У стола в комнате Нехаевой стояла шерстяная, кругленькая старушка, она бесшумно брала в руки вещи, книги и обтирала их тряпкой. Прежде чем взять вещь, она вежливо кивала головою, а затем так осторожно вытирала ее, точно вазочка или книга были живые и хрупкие, как цыплята. Когда Клим вошел в комнату, она зашипела на него:
– Шш – спит!
Старушка была такая же выдуманная, как вся эта комната и сама хозяйка комнаты.
– Скажите, что заходил Самгин. Из-за ширмы прозвучал слабый голос:
– Это вы? О, пожалуйста...
Клим вошел в желтоватый сумрак за ширму, озабоченный только одним желанием: скрыть от Нехаевой, что она разгадана. Но он тотчас же почувствовал, что у него похолодели виски и лоб. Одеяло было натянуто на постели так гладко, что казалось: тела под ним нет, а только одна голова лежит на подушке и под серой полоской лба неестественно блестят глаза.

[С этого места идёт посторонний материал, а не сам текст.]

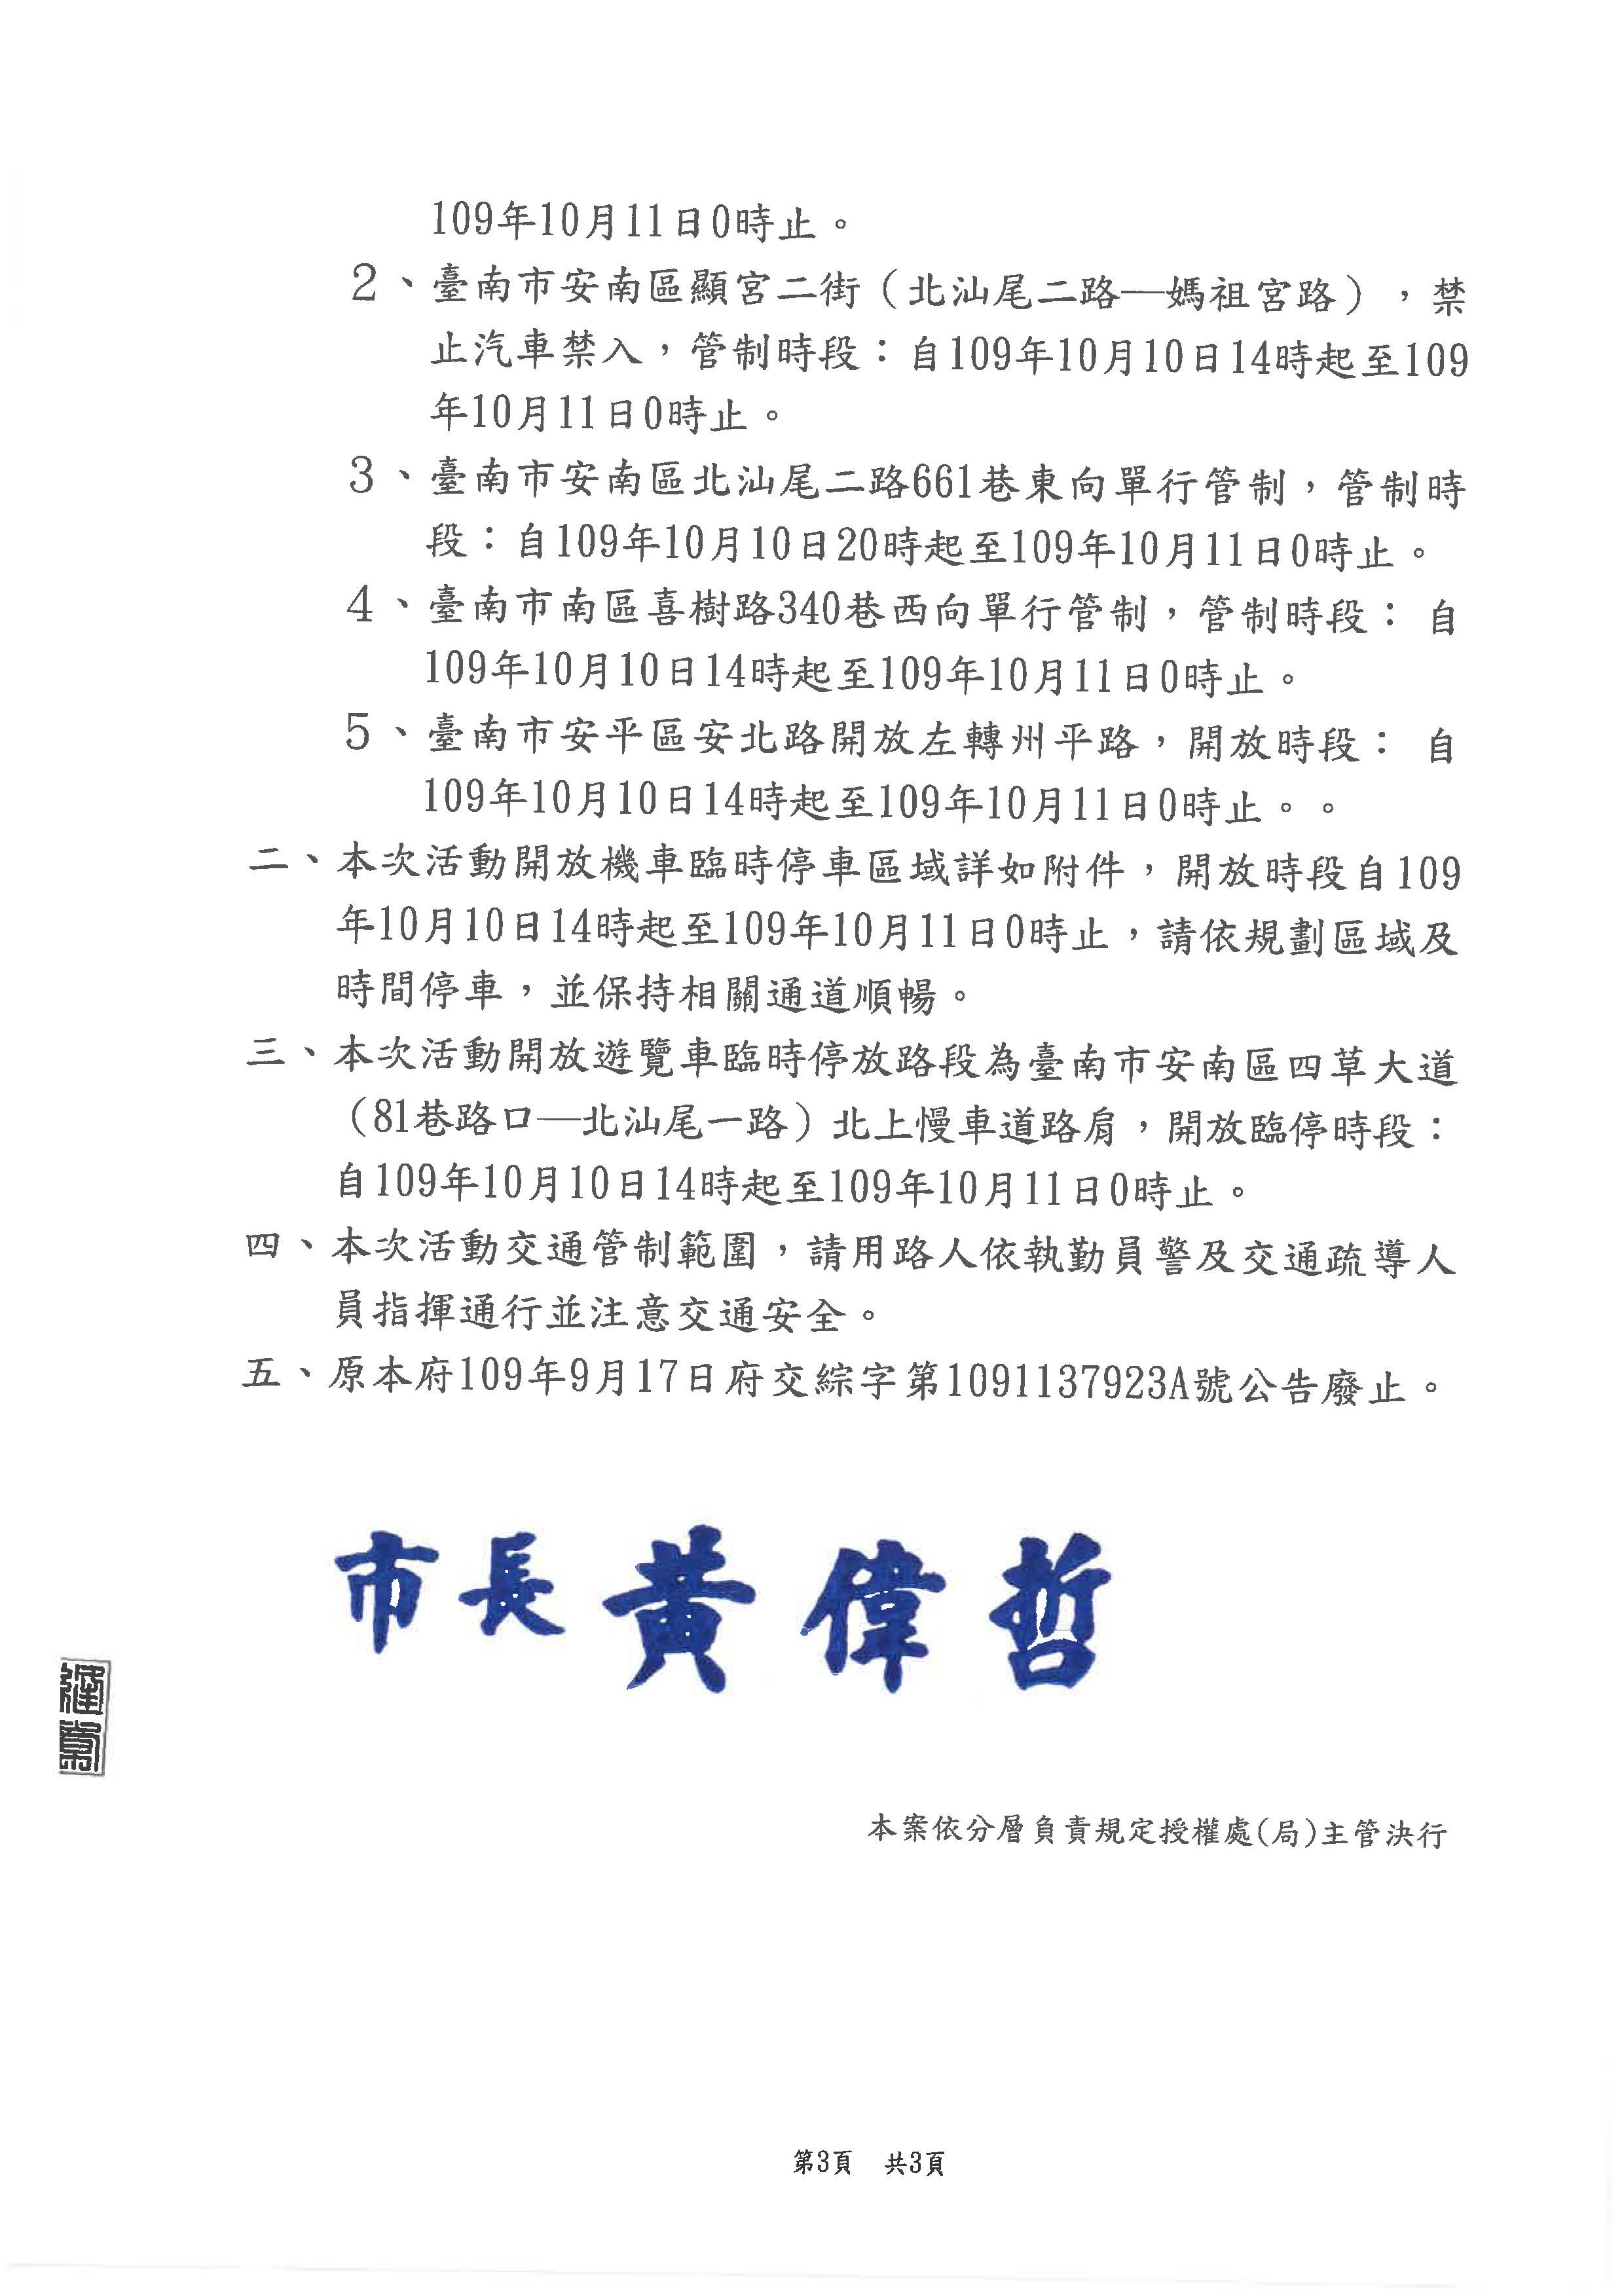 更正公告2020國慶焰火在臺南活動交通管制頁面3

«Игра», – сказал он себе, но это слово вспомнилось не сразу.
– У меня тридцать восемь и шесть, – слышал он тихий и виноватый голос. – Садитесь. Я так рада. Тетя Тася, сделайте чай, – хорошо?
– Очень хорошо, – пискливым голосом игрушки ответили ей.
Высвободив из-под плюшевого одеяла голую руку, другой рукой Нехаева снова закуталась до подбородка; рука ее была влажно горячая и неприятно легкая; Клим вздрогнул, сжав ее. Но лицо, густо порозовевшее, оттененное распущенными волосами и освещенное улыбкой радости, вдруг показалось Климу незнакомо милым, а горящие глаза вызывали у него и гордость и грусть. За ширмой шелестело и плавало темное облако, скрывая оранжевое пятно огня лампы, лицо девушки изменялось, вспыхивая и угасая.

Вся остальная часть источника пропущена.